But, suppose they don’t; suppose, for example, that instead of 5% of your applicants being outstanding on your informal 1-10 scale, 90% are, and that no matter how much you attempt to reasonably tighten your standards, 90% of the applicants still look very, very good.

In that instance, the Taco Bell or Liberty Bell curve you expected is replaced by a curve with the bulge shifted to the far right, at the expense of the far left, which is now dramatically flattened. How would you interpret this and does it matter?

Even if you are among the many who glaze over like a bell-shaped vase baking in a kiln when graphs and formulas are mentioned, you can still think about the implications of a “skewed” (asymmetrical, with the hump bumped to the right or left) graph of an applicant database of scores or ratings.

Why the Weird Skewing?

Some of the commonsensical explanations of such an unusual skewing include the following:

To keep things simple, imagine you are looking at a bar chart of applicant test scores, which resembles the chart shown here: the higher the score, the greater the number or percentage of applicants with that score.

BAR GRAPH

The right-skewed result you observe in your sample may be evidence of lax selection criteria —for example, either because of a design failure or because of an unacknowledged or unrecognized spike in ability in the general population, much like the result one would get if administering an IQ test from 70 years ago to a crop of new and young recruits (because of the “Flynn Effect”, viz., the shift in mean IQ from 100 to about 115 as the new “average”).

However, if the unusually high scores are a recent effect and a dramatic departure from previous long-term averages, the lax criteria explanation can be ruled out.

If the test or the criteria are relatively new, both explanations for the high scores remain available: Either the HR criteria are not stringent enough or the general population’s capabilities and performance have improved.

That said, there remains another possible explanation of the unusually numerous high scores: a severe job supply-demand imbalance, with too many applicants chasing too few jobs.
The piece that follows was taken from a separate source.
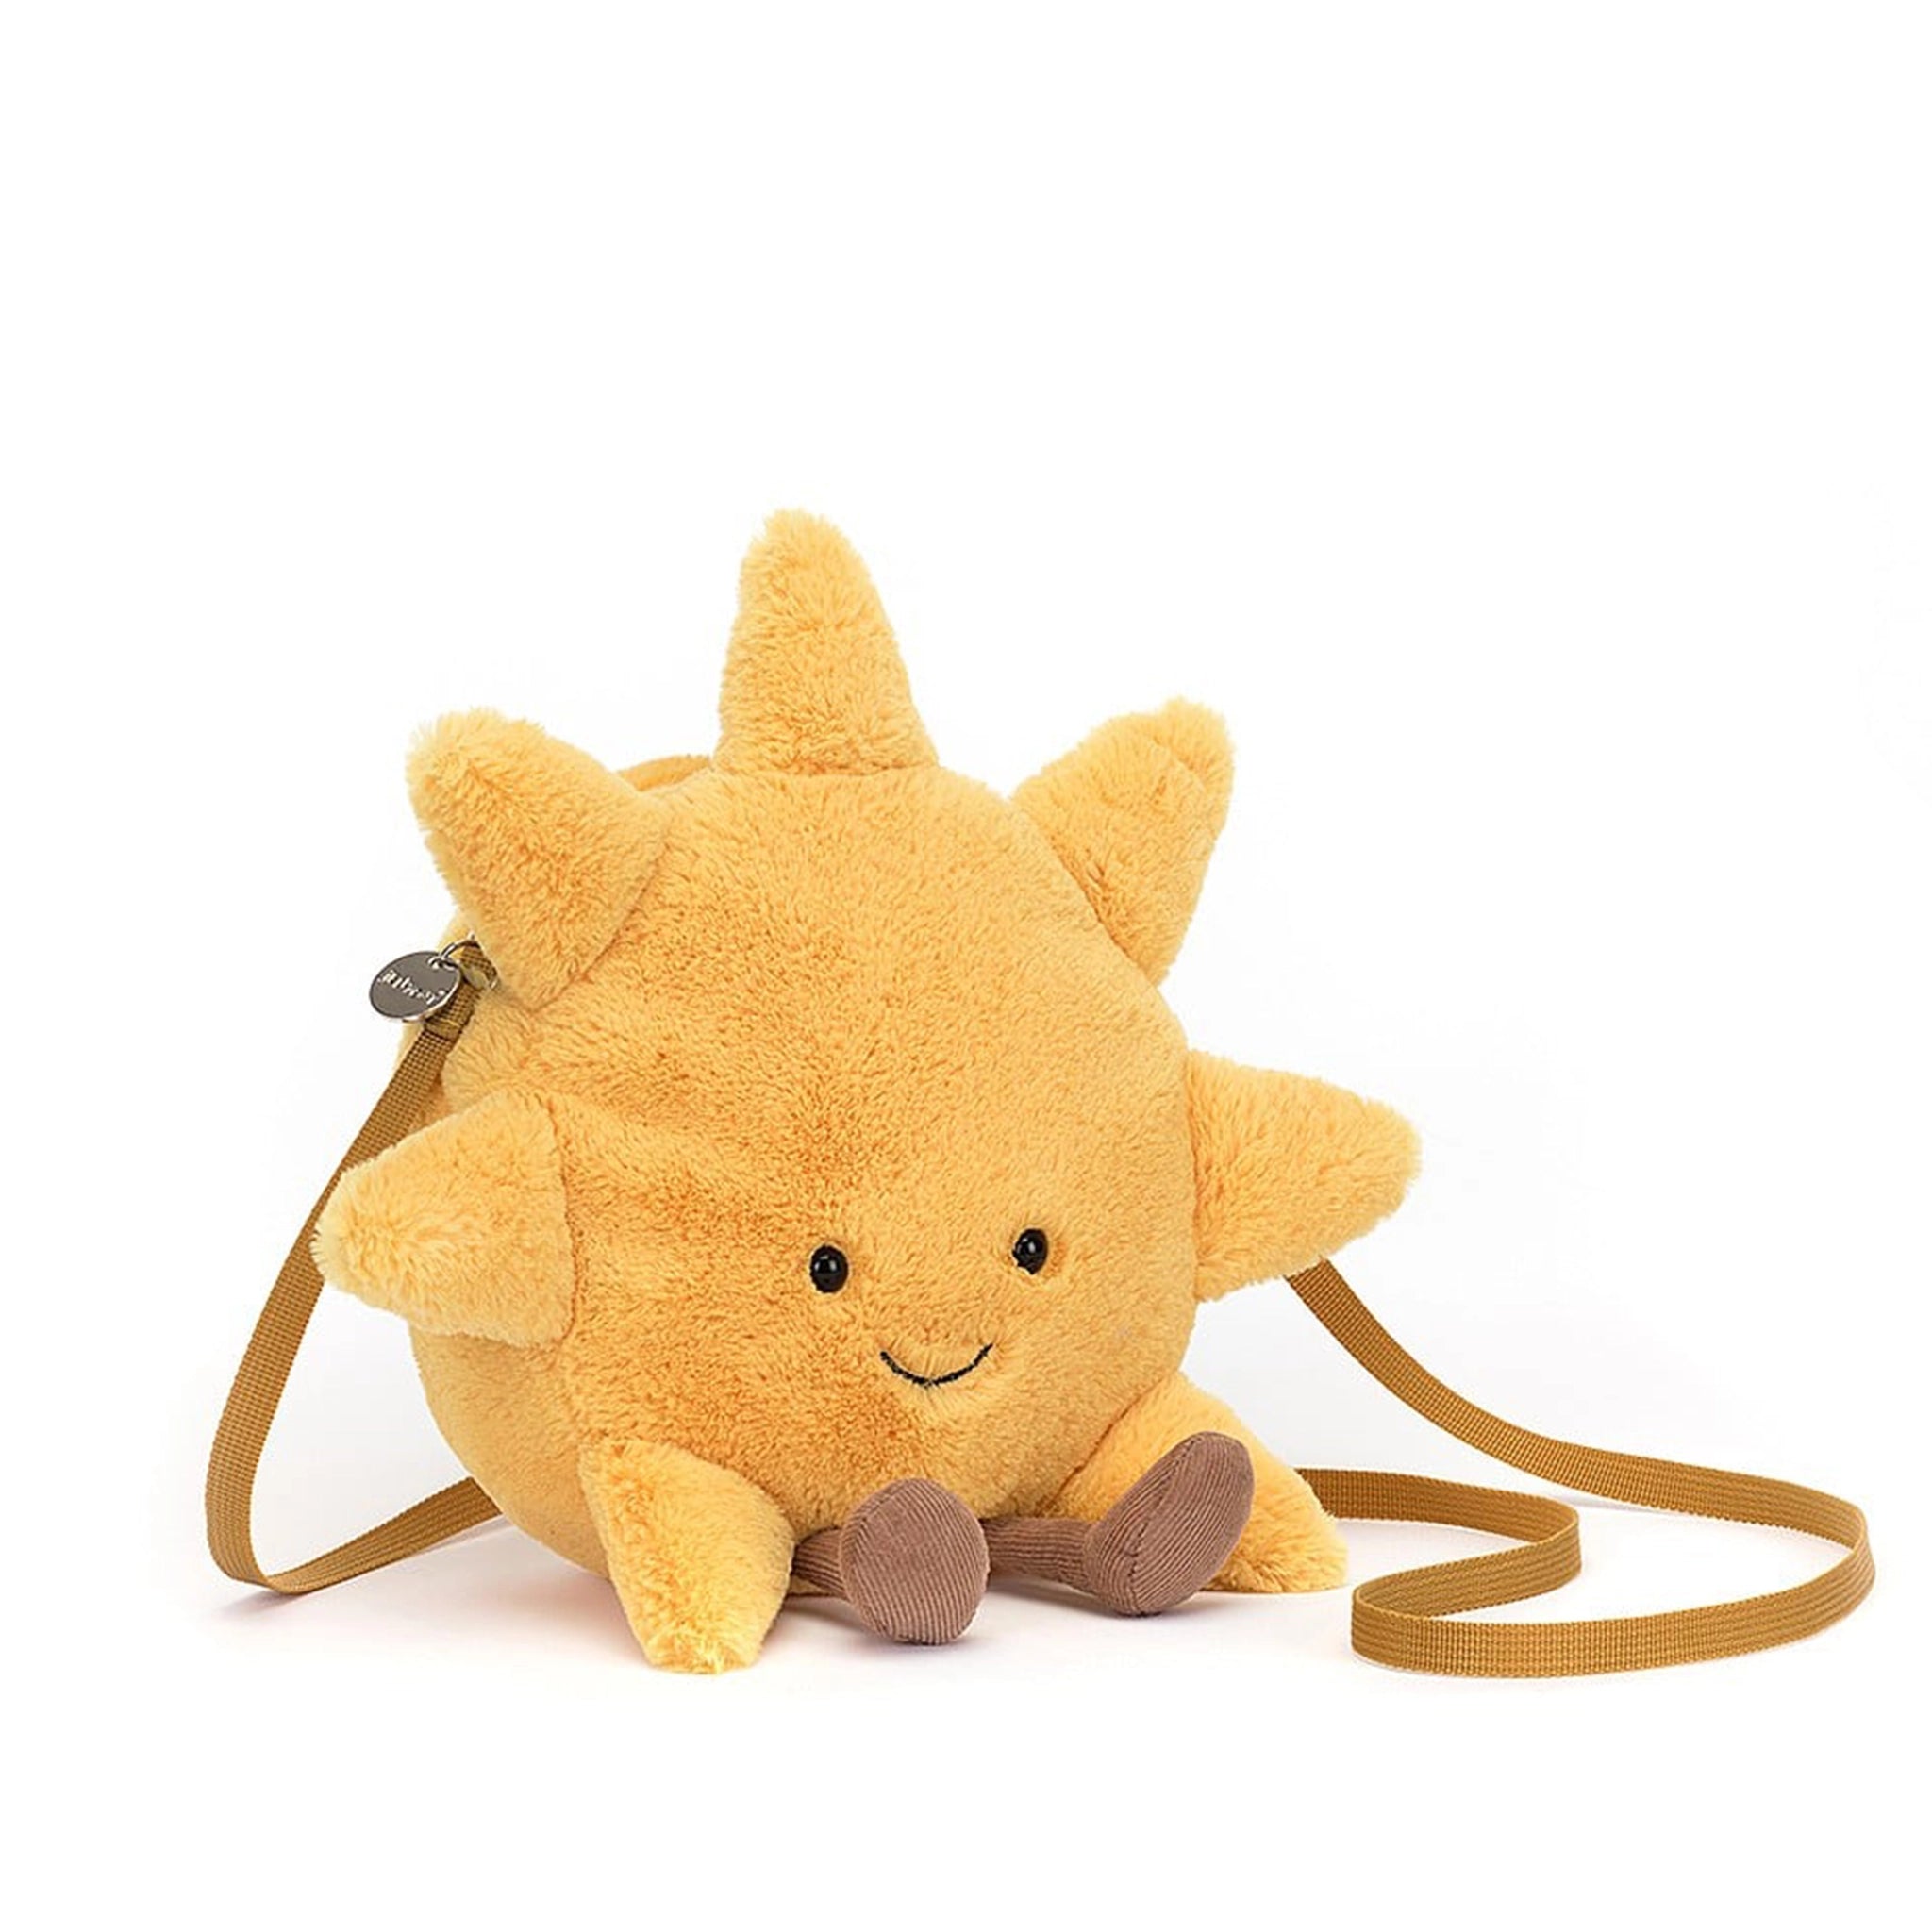 On a white background is fuzzy yellow sun bag with a brown strap and a zipper opening at the top.

In that instance, it would not be surprising that not only would competition for the few available jobs be intense, and that there would be an over-supply of highly-qualified applicants, but also that also many of the less qualified, daunted by the horrible odds, would just give up and not bother to apply, as suggested in the research quote above.

In that scenario, the statistical over-abundance of high-end performers reflects a severe employment supply-demand imbalance, with job seekers vastly outnumbering job openings.

On the other hand, suppose that your in-house recruit data do resemble a Taco Bell, but that the average score is much higher than what the HR department was used to seeing and expected. That is to say, the normal bell curve has shifted to the right, with a higher average.

For example, suppose the average score, which used to be 70 out of 100, has recently and consistently been 90, with virtually all scores falling between 85 and 95. Unlike the skewed bar graph described above, this one is quite symmetrical.

How is this to be interpreted, when just like the skewed results, these fall almost entirely in the far-right high-score zone?

One possibility is that your test never changes and that the questions (and answer analyses) have circulated in the applicant pool, which, if the case, warrants an overhaul of your test or test security.

Another possibility is that as “the word” gets around regarding your use of a given test, “incentivized” applicants undertake intense preparation for it, where possible.

Alternatively, the data may suggest a wholesale shift to higher levels of performance and capability in the general population, which the HR test is sampling, e.g., as a result of something like the Flynn Effect.

In that case, HR may have an opportunity to raise employment standards and get more bang from the employee buck. The older the test used, the likelier this possibility.

Of course, neither you nor the hiring company is likely to care what the explanation is, so long as there are enough well-qualified applicants to choose from, relative to the job demands and expectations.

However, this can be a short-sighted, narrow perspective, especially if the test results and applicant pool are being misunderstood.

For example, that abundance of excellent applicants might be attributable to a failure of the employer to keep up with rising industry employee performance standards and outcomes, and to therefore lag behind the pack.

Despite this age of virtually instantaneous communication and rapid dissemination of standards, such a standards gap cannot be entirely ruled out.

Likelier than this is the possibility that even though the HR department is well aware of such rising standards, it may not have devised the best measures of these in its in-house evaluations.

Navigating a U-Curve

Suppose you get, instead of any kind of a bell curve, a “U-curve”, i.e., a distribution with lots of applicant scores or credentials only at the extremes, namely, the very good and the very bad, with few middling performers.

If there are enough outstanding applicants in that curve’s far-right group, you probably won’t be concerned about why the curve is U-shaped. But perhaps you should be.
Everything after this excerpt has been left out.